Updating the feature extraction module according to respective identification results of the plurality of attributes and respective attribute labels corresponding to the plurality of attributes;

4. A method according to claim 3, wherein building a pre-set model comprises:

for each attribute of a preset image, obtaining an activation graph corresponding to the attribute, wherein the activation graph is used for representing: when the attribute is identified, the weight of each area of the preset image for determining the attribute identification result;

clustering multiple attributes into multiple groups according to weight distribution represented by each activation graph, wherein the positions of areas with highest weights in each activation graph corresponding to the various attributes included in each group are the same;

for each set of attributes, an attribute identification branch is established.

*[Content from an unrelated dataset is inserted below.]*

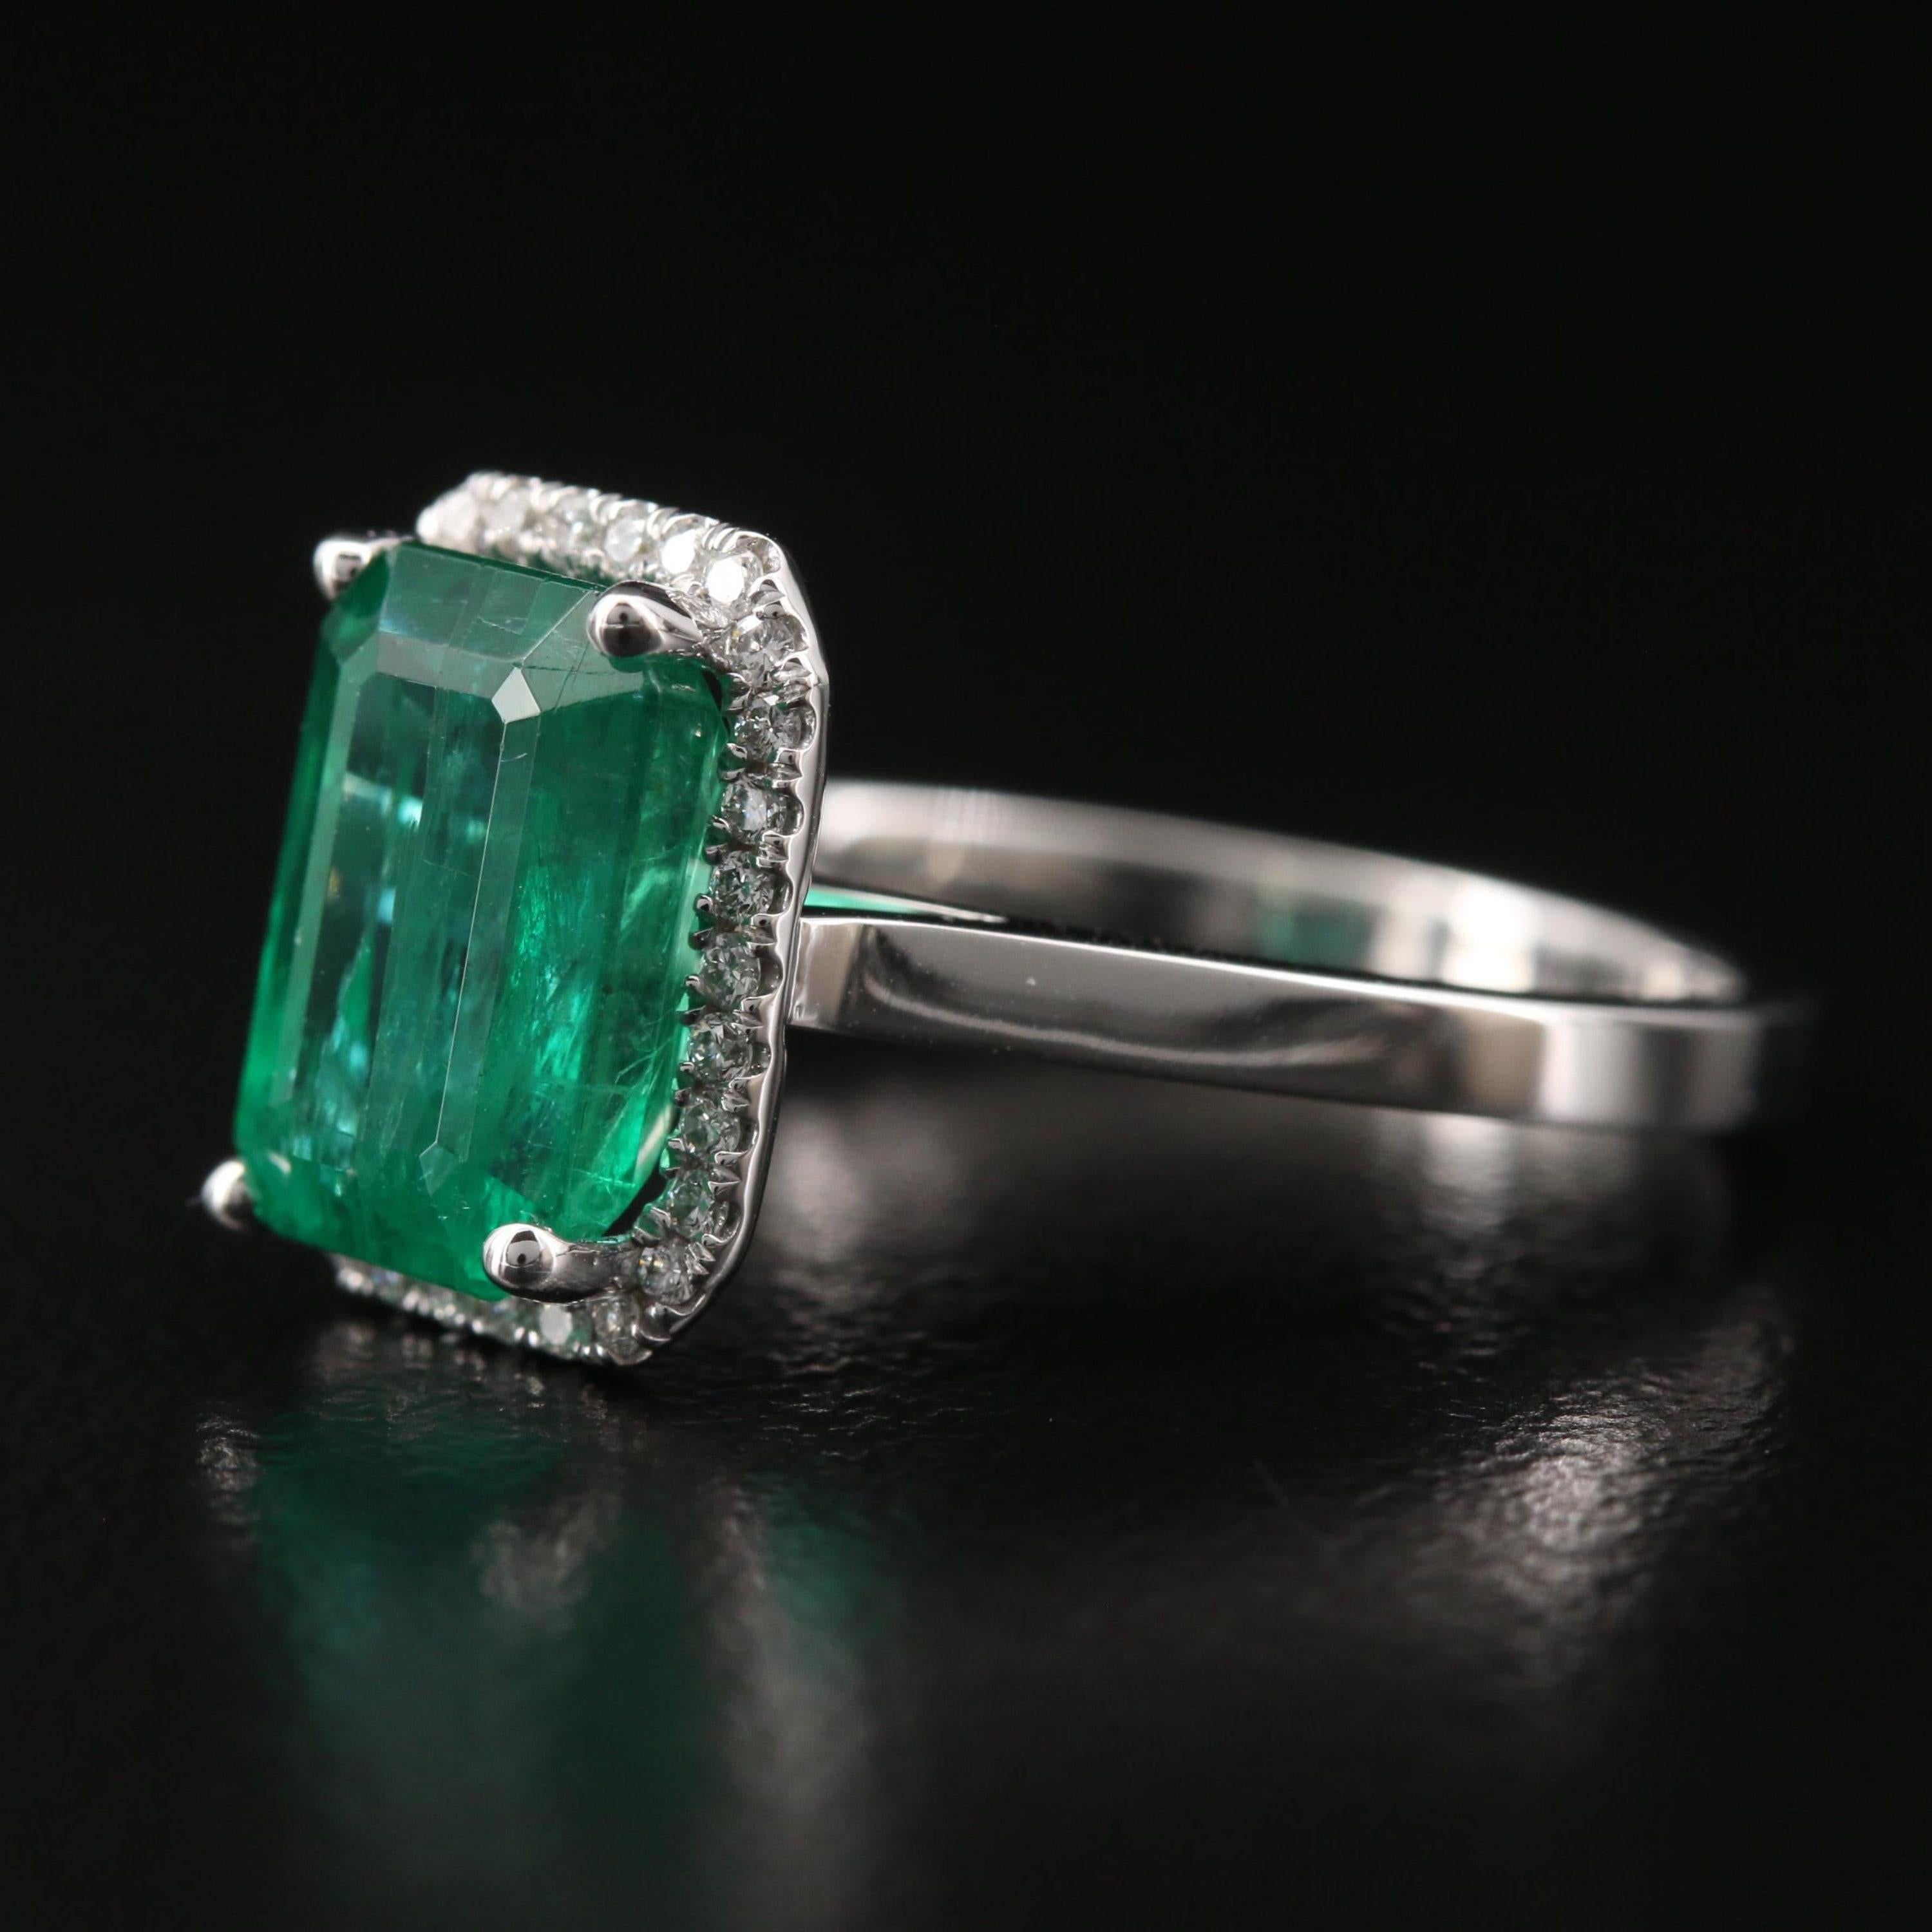 For Sale:  2.8 Carat Halo Emerald Engagement Ring, Emerald Wedding Ring Cocktail Ring 2

5. A method according to claim 3, wherein the feature extraction module is configured to extract shallow image features, each attribute identification branch comprising a deep feature extraction module configured to extract deep image features based on shallow image features; when training the preset model, the identifying different groups of attributes through different attribute identification branches based on the image features respectively comprises the following steps:

Aiming at each attribute identification branch, under the condition that a group of attributes corresponding to the attribute identification branch comprises cross attributes, obtaining deep image features corresponding to other groups of attributes with association relation with the cross attributes;

identifying the intersection attribute according to the deep image features corresponding to the attribute identification branches and the deep image features corresponding to the other groups of attributes;

for each attribute, updating the attribute identification branch corresponding to the attribute according to the identification result of the attribute and the attribute label corresponding to the attribute, including:

and updating the attribute identification branches corresponding to the cross attribute according to the identification result of the cross attribute and the attribute label corresponding to the cross attribute aiming at the cross attribute, and updating the attribute identification branches corresponding to other groups of attributes with association relation with the cross attribute.

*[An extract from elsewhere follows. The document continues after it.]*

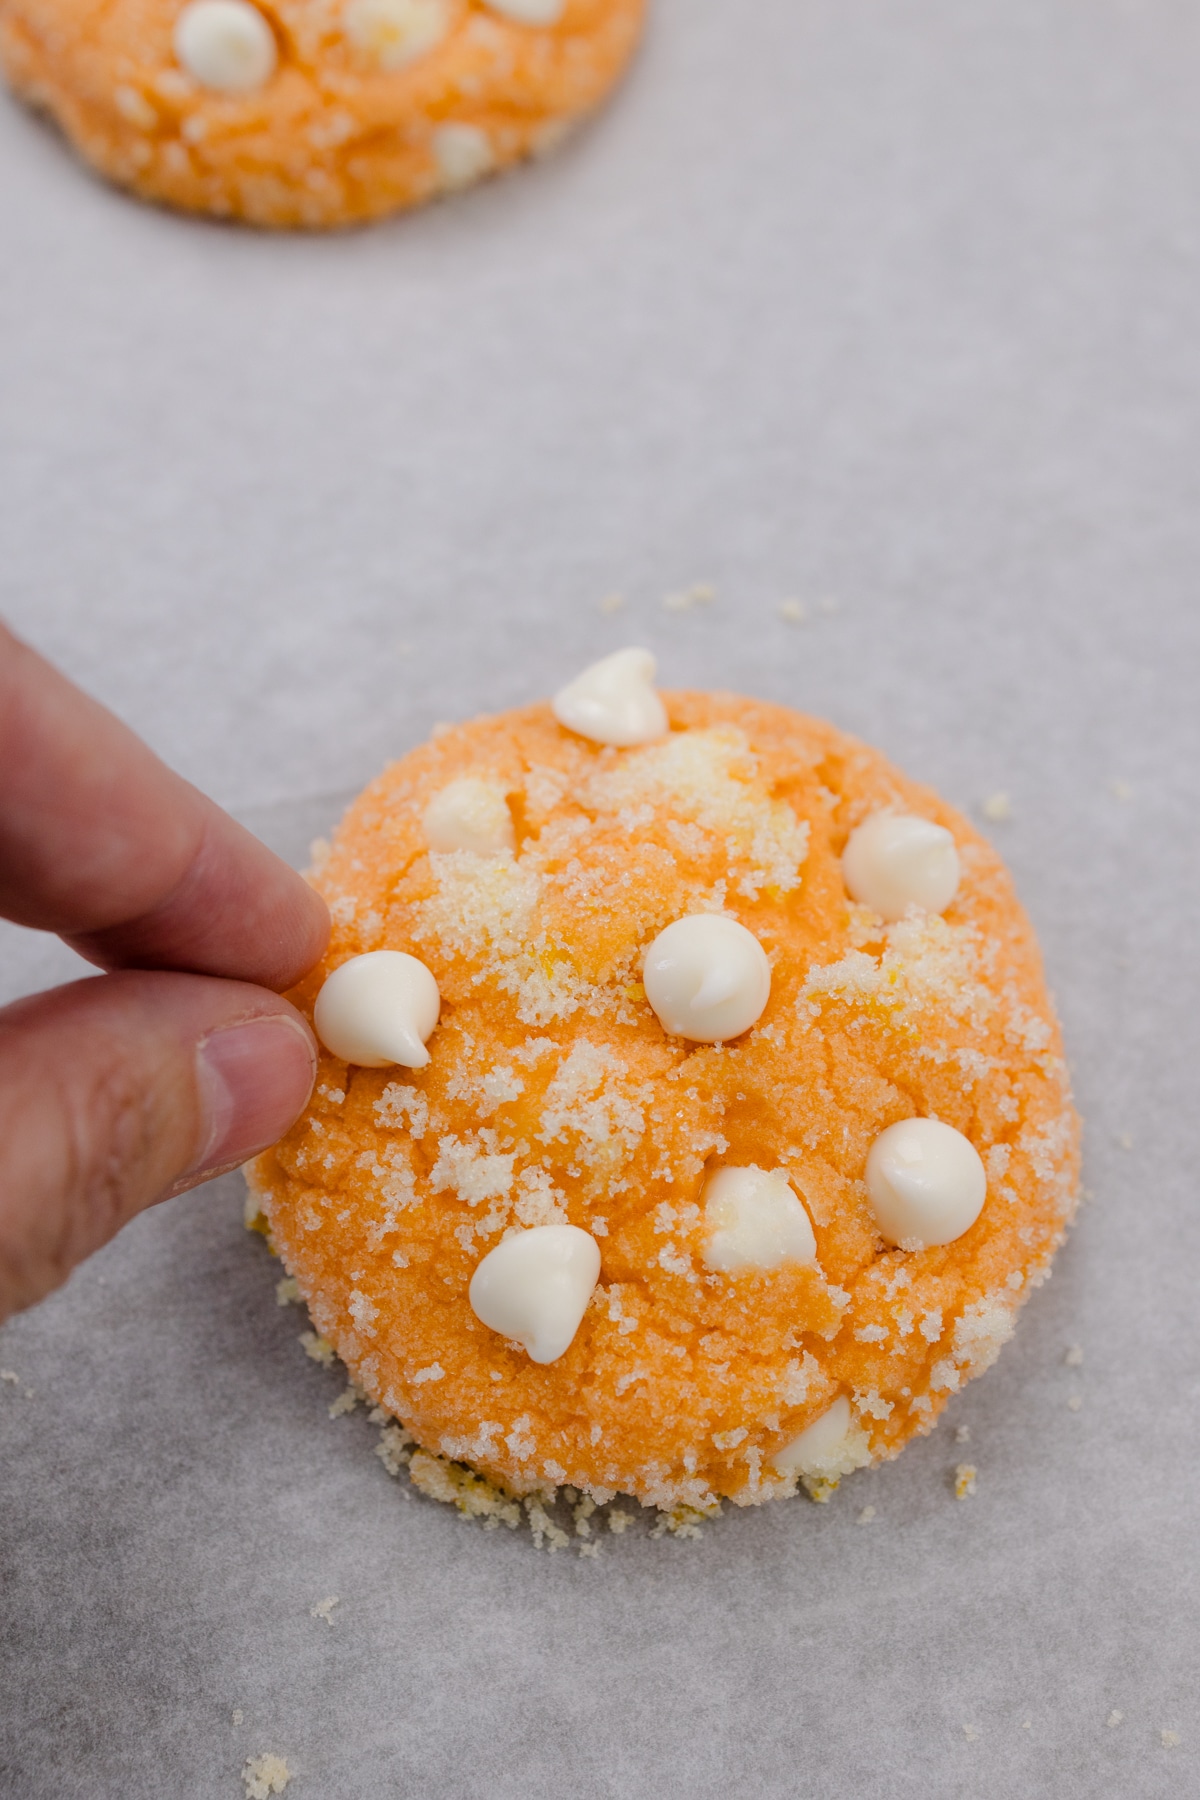 Close up of an orange creamsicle cookie with extra chocolate chips being added on top.

6. An attribute identification device, the device comprising:

the attribute identification module is used for inputting the image characteristics into a plurality of attribute identification branches so as to respectively identify different groups of attributes of the image to be identified through different attribute identification branches; wherein, each attribute identification branch corresponds to a group of attributes, and when each attribute in each group of attributes is identified, the positions of image areas which play a role in determining the attribute identification result on the image are the same or similar;

The image feature obtaining module is specifically configured to:

obtaining shallow image characteristics of the image to be identified;

the attribute identification module is specifically configured to:

7. A computer readable storage medium, on which a computer program is stored, characterized in that the computer program, when being executed by a processor, implements the steps of the method according to any one of claims 1 to 5.

8. An electronic device comprising a memory, a processor and a computer program stored on the memory and executable on the processor, characterized in that the processor implements the steps of the method according to any one of claims 1 to 5 when executing the computer program.